◆ Task to complete:
For the entries below, work out how many lines contain the string "настенное" and write only the number.

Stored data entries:
● ● ● ●

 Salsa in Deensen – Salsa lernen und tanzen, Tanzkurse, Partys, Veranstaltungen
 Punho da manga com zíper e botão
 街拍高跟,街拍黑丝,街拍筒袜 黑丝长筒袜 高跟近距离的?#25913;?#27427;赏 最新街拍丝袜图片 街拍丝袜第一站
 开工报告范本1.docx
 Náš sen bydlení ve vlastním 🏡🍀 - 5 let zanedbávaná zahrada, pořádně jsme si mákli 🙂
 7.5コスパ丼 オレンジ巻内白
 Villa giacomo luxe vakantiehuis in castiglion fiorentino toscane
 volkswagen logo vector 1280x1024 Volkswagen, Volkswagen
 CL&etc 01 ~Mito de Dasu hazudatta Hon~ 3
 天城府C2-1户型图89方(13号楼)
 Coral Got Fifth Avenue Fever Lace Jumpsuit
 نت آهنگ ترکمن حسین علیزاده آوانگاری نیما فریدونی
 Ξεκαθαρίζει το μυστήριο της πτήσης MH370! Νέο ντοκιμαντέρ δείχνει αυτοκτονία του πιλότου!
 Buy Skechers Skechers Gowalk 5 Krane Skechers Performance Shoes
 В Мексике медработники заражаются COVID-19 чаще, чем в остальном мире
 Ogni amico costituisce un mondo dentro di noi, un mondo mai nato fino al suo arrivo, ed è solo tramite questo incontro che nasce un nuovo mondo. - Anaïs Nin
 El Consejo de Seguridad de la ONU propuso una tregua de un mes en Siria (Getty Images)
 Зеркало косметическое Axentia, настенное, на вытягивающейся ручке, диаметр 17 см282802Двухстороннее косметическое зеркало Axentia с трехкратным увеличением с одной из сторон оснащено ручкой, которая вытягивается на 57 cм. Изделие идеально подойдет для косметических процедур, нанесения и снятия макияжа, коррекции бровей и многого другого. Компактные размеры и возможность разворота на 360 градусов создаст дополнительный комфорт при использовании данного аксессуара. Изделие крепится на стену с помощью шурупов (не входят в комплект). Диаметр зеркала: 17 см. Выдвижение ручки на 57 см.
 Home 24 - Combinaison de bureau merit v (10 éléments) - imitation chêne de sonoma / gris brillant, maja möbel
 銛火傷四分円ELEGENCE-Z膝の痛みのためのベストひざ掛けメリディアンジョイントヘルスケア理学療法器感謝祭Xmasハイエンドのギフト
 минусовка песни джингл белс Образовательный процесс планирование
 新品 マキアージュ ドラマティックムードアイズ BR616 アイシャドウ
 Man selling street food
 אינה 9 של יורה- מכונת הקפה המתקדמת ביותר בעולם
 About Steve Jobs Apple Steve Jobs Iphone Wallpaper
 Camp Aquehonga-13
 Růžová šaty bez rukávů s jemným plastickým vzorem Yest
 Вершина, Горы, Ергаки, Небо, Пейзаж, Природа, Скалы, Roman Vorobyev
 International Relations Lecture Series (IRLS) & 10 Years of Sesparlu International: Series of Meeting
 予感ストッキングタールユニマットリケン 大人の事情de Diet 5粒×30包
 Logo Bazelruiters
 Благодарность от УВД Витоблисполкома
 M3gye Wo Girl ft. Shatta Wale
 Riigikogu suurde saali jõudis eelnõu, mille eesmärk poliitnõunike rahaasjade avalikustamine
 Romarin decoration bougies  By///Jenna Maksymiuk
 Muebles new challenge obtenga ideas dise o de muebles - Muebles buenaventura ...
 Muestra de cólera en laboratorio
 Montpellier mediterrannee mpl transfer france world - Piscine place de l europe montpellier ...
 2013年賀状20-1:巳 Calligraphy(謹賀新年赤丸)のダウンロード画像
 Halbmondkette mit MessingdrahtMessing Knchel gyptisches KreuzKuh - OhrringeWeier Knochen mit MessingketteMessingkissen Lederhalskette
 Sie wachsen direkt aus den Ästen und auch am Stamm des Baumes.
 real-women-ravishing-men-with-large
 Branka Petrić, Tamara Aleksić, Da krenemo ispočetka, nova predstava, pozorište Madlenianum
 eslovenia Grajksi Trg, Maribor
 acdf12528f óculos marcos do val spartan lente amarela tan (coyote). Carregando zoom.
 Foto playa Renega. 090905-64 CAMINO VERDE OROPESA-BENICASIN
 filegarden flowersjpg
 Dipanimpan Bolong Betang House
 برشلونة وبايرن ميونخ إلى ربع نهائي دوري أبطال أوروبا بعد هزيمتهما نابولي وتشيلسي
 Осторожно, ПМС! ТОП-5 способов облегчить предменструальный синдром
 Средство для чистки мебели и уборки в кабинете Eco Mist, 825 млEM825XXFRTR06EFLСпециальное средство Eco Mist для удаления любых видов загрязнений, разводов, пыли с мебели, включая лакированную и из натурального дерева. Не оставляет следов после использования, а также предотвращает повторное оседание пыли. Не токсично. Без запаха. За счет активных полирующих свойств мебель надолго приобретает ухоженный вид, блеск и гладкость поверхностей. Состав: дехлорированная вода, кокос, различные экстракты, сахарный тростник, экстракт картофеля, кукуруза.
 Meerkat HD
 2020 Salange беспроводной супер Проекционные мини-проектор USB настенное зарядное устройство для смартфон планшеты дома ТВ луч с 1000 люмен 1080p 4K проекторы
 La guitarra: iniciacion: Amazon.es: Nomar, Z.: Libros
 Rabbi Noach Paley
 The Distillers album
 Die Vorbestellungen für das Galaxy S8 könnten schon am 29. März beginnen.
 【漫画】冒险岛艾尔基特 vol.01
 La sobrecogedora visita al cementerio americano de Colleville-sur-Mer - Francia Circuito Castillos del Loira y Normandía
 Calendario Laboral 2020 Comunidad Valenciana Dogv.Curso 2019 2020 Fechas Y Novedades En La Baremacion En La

● ● ● ●

◆ Exercise result:
2